De acordo com Pita, o potencial de consumo sul-americano para esse tipo de produto é de 15 mil a 20 mil t/ano. Desse total, a maior demanda é a brasileira, de 4 mil t/ano, sendo que 3 mil t/ano (75%) já são fornecidas pela Air Products, que importa o Airflex (nome comercial da emulsão) das suas 11 unidades, com capacidade total de 680 mil t/ano, instaladas na Coréia do Sul (duas), Alemanha (duas), México (uma) e Estados Unidos (seis).
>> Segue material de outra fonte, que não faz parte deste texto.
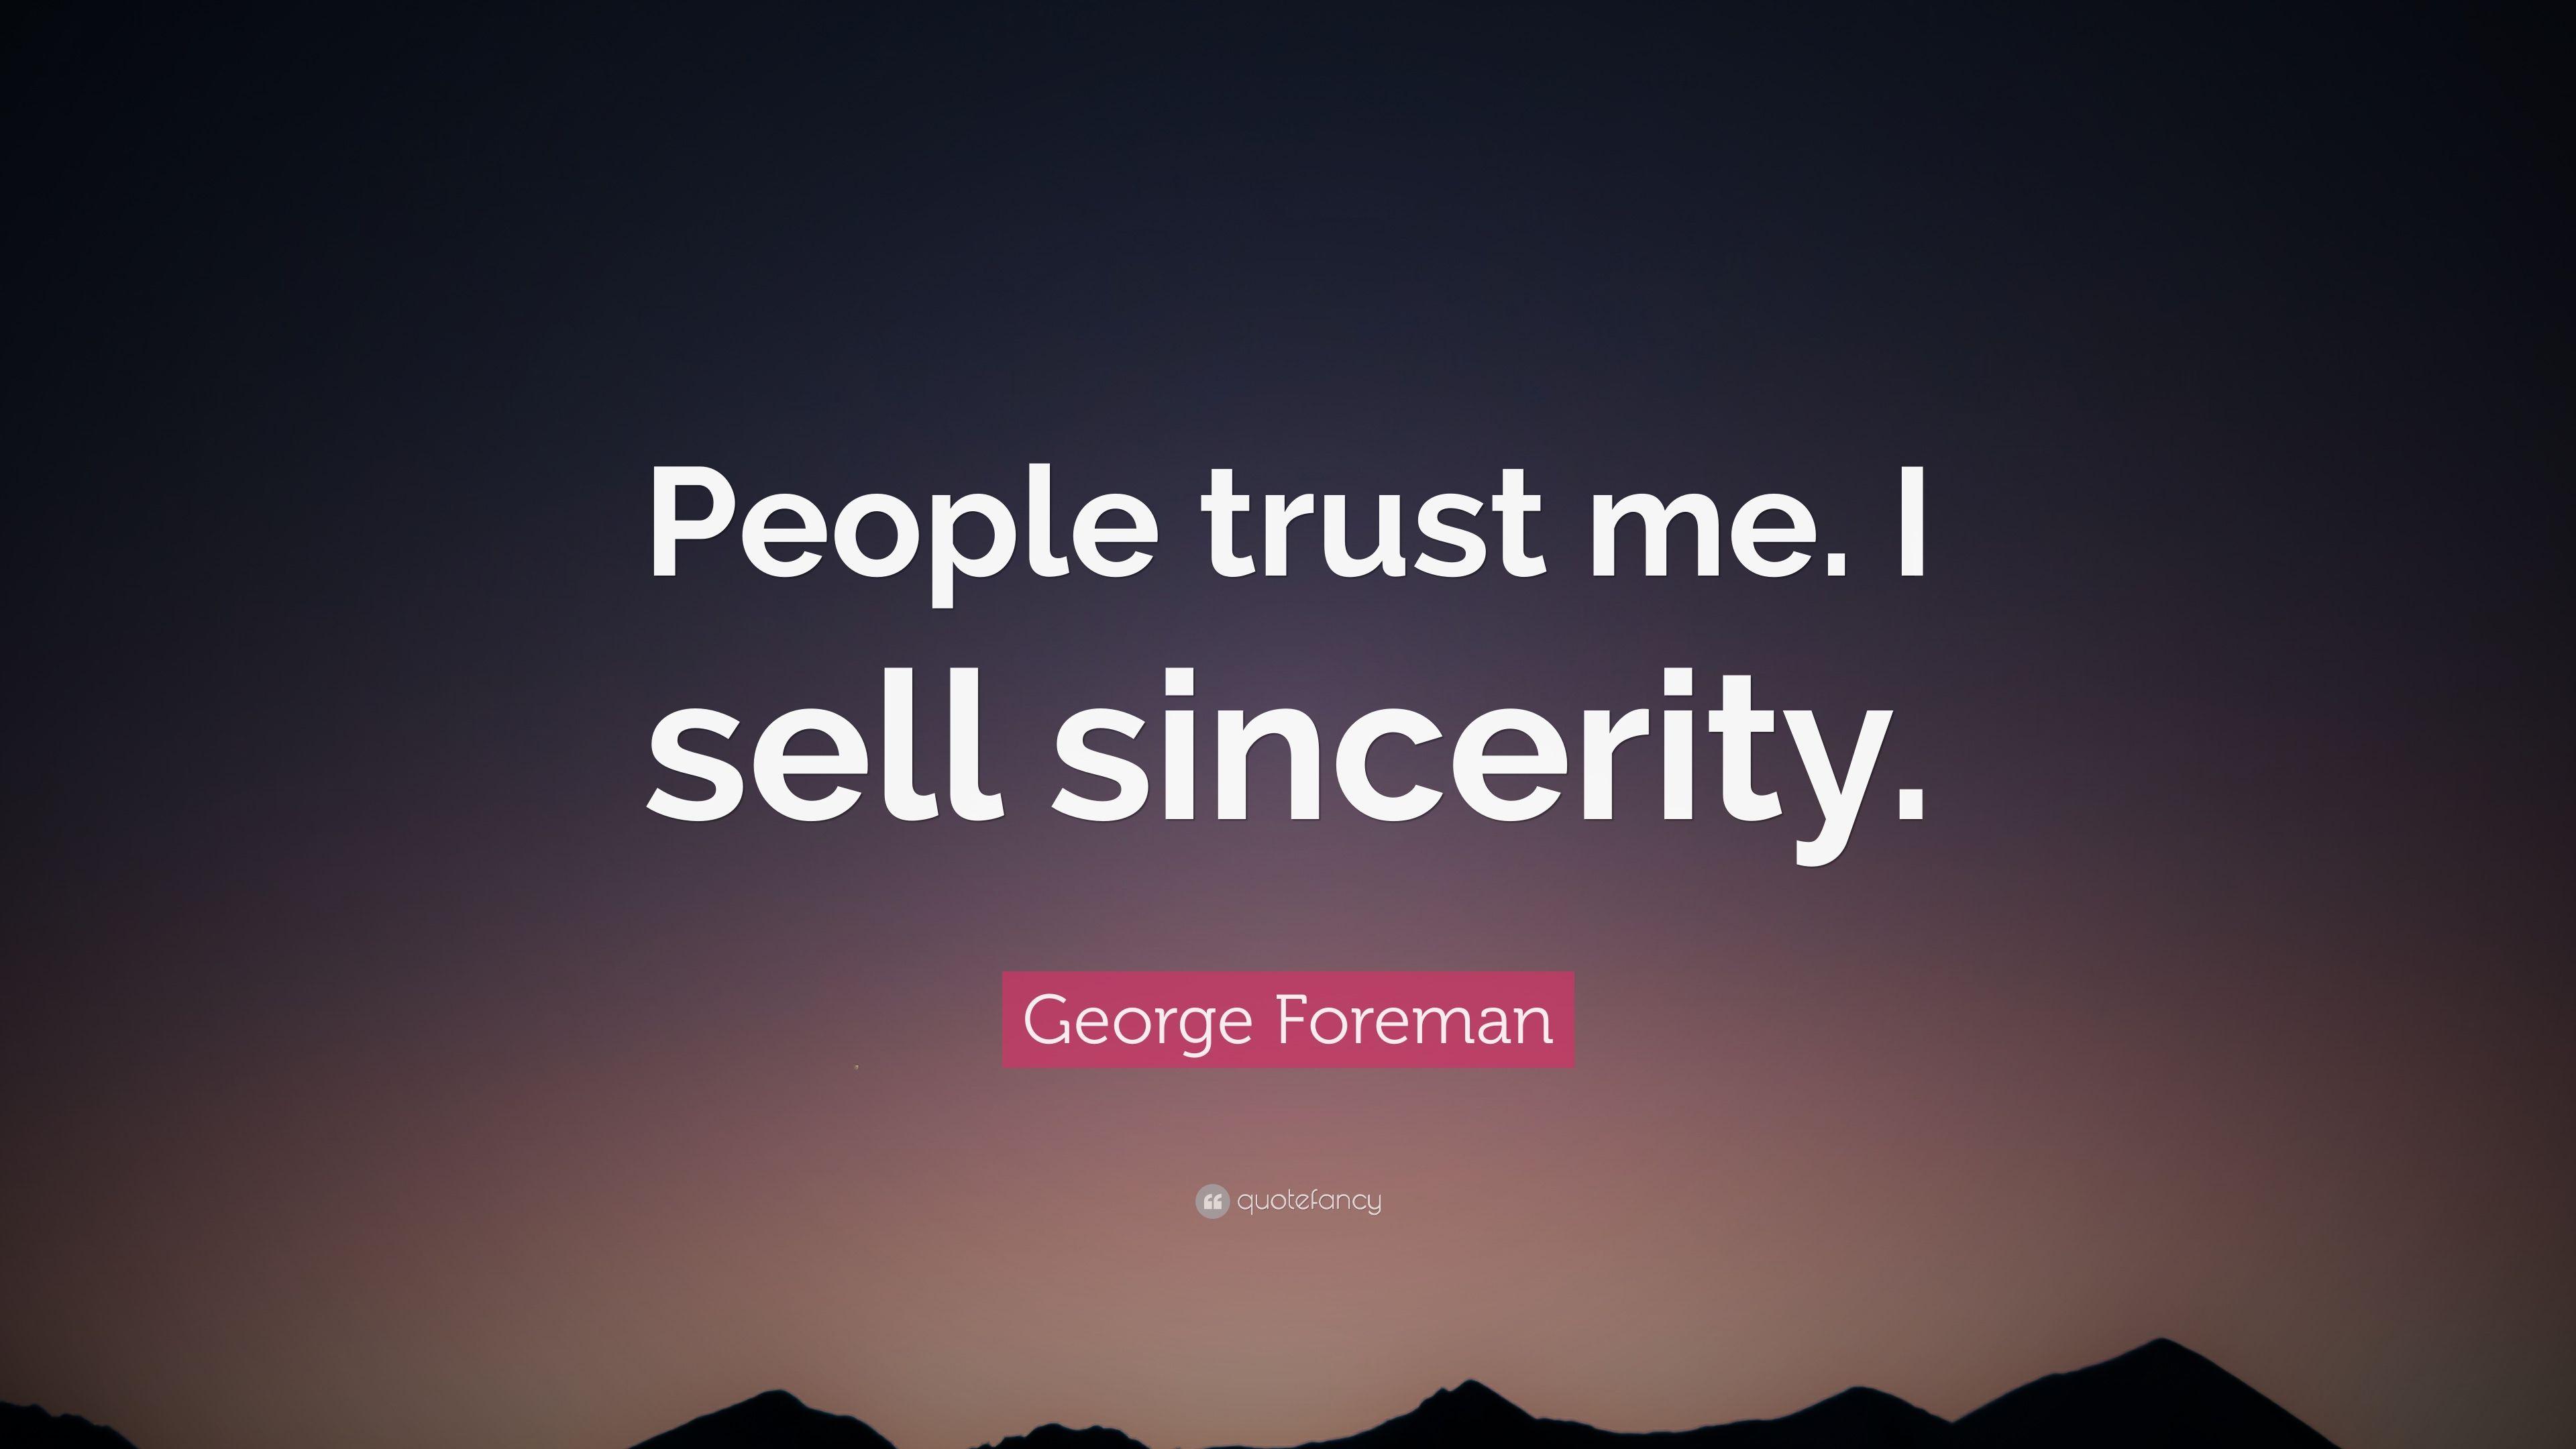 George Foreman Quote: “People trust me. I sell sincerity

A escolha do Brasil para implantar sua 12ª unidade se explica também pela inviabilidade de sustentar o mercado continental a partir de importações. "A alíquota em 17% e a disparidade do dólar encarecem muito o produto, o que faz com que, hoje, tenhamos de absorver alguns custos", informou Pita.
O diferencial do Airflex é a sua formulação composta por acetato de vinila monômero com o etileno (Vinil Acetato Etileno, insumo petroquímico), o que gera maior economia na produção, porque reduz as etapas de fabricação. "A injeção de etileno na emulsão, dentro do reator, torna a produção mais regular. Um de nossos objetivos estratégicos é sermos líderes mundiais nessa tecnologia", disse o diretor internacional da divisão de Emulsões, Bertil Mukkulainen. Normalmente, explica ele, as emulsões são produzidas em várias fases: primeiro, se fabrica o homopolímero para depois acrescentar os aditivos, que vão proporcionar determinadas características, de acordo com a aplicação desejada.
A Air Products não informa qual a redução de custos obtida pela troca de tecnologias de produção, mas garante que é a líder mundial e a única que fabrica o produto em três continentes.
Do faturamento bruto de US$ 5 bilhões, no exercício fiscal de outubro de 1998 a setembro deste ano, a multinacional obteve lucro líquido de US$ 450 milhões. Os investimentos anuais da holding são de US$ 800 milhões a US$ 1 bilhão anuais. O montante a ser investido no Brasil é próprio. E, desde quando começou a atuar no País, em 1973, a holding já investiu US$ 200 milhões - desses, US$ 125 milhões nos últimos cinco anos. A empresa atua em mais de 30 países e emprega 17 mil pessoas.